There are two broad classes of lymphocytes: B cells and T cells. While all lymphocytes start out in the bone marrow, B cells develop in the marrow before entering the bloodstream whereas T cells travel to an organ called the thymus and mature there. B cells and T cells perform different roles. When activated, B cells acquire the ability to make antibodies that attack foreign substances. In contrast, T cells called “killer” T cells sense the presence of infected cells and do away with them directly. Other T cells called “helper” and “suppressor” T cells, assist killer T cells and also help to keep the immune response under control. Once activated (for example, by macrophage-produced cytokines), helper T cells produce immune substances that tell B cells to produce antibodies. T helper cells come in two varieties: TH1 and TH2. Most healthy people have more TH1 cells than TH2 cells, whereas this balance is often reversed in severely injured patients.
- TH1 cells produce the cytokine IFN-γ, which activates macrophages in the classical pathway.
- TH2 cells secrete IL-4, IL-5, and IL-13, which recruit and activate eosinophils and are responsible for the alternative pathway of macrophage activation.
- TH17 cells secrete IL-17 and other cytokines that induce the secretion of chemokines responsible for recruiting neutrophils and monocytes into the reaction.

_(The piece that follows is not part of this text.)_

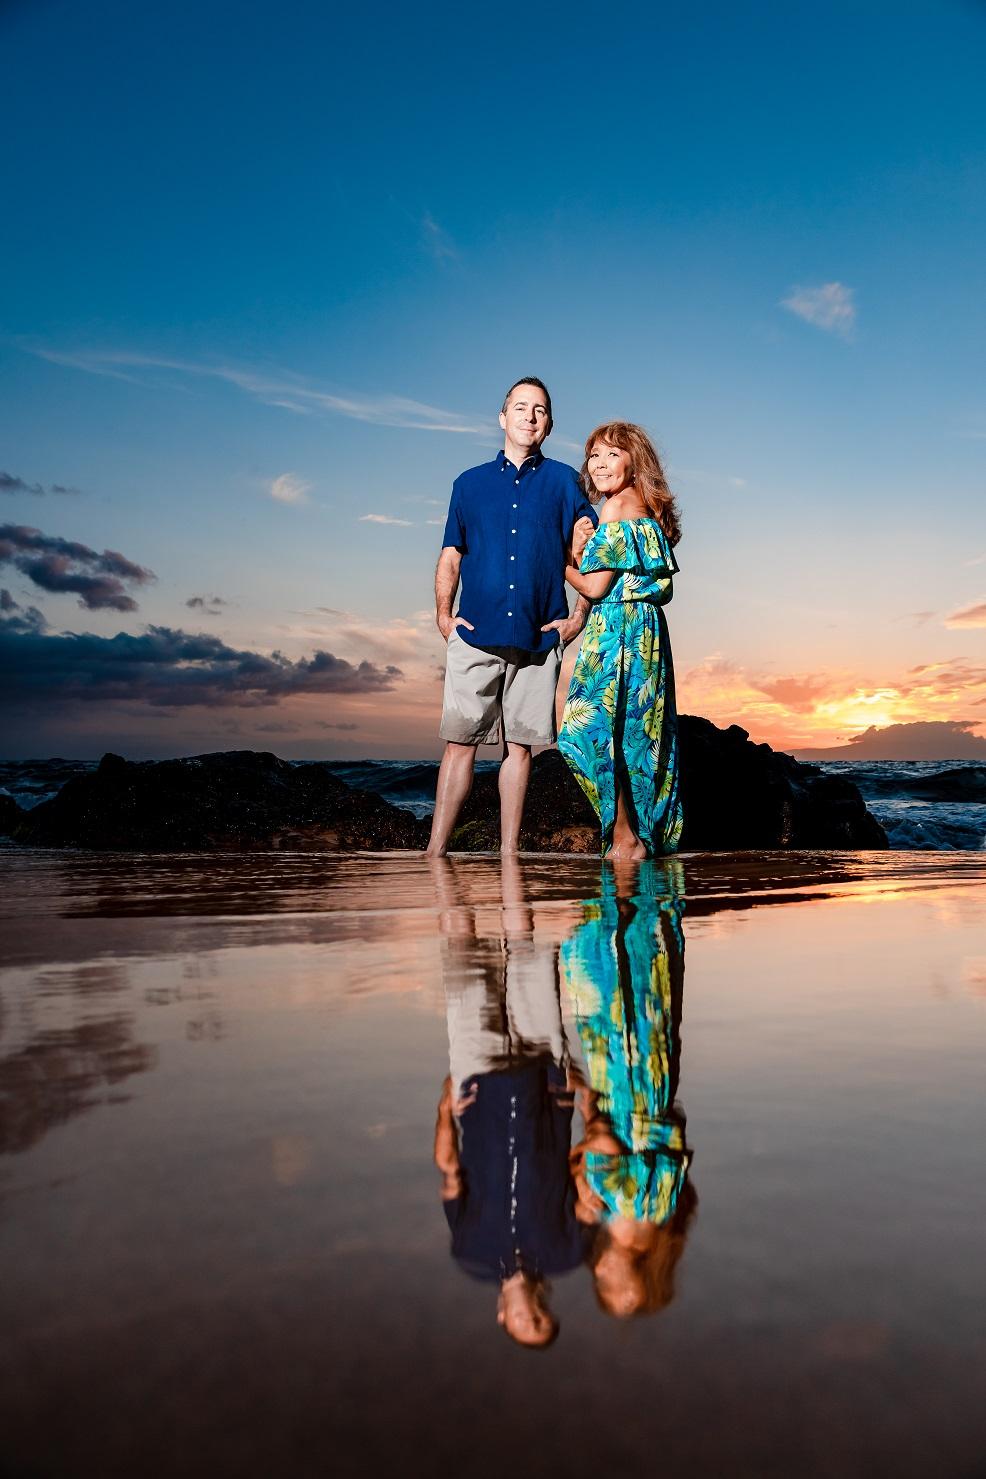 maui couples portrait reflection ocean sunset

Lymphocytes and macrophages interact in a bidirectional way, and these interactions play an important role in propagating chronic inflammation. Macrophages display antigens to T cells, express membrane molecules (called costimulators), and produce cytokines (IL-12 and others) that stimulate T cell responses Activated T lymphocytes, in turn, produce cytokines, described earlier, which recruit and activate macrophages and thus promote more antigen presentation and cytokine secretion. The result is a cycle of cellular reactions that fuel and sustain chronic inflammation. In some strong and prolonged inflammatory reactions, the accumulation of lymphocytes, antigen-presenting cells, and plasma cells may assume the morphologic features of lymphoid organs, and akin to lymph nodes, may even contain well-formed germinal centers. This pattern of lymphoid organogenesis is often seen in the synovium of patients with long-standing rheumatoid arthritis and the thyroid of patients with autoimmune thyroiditis.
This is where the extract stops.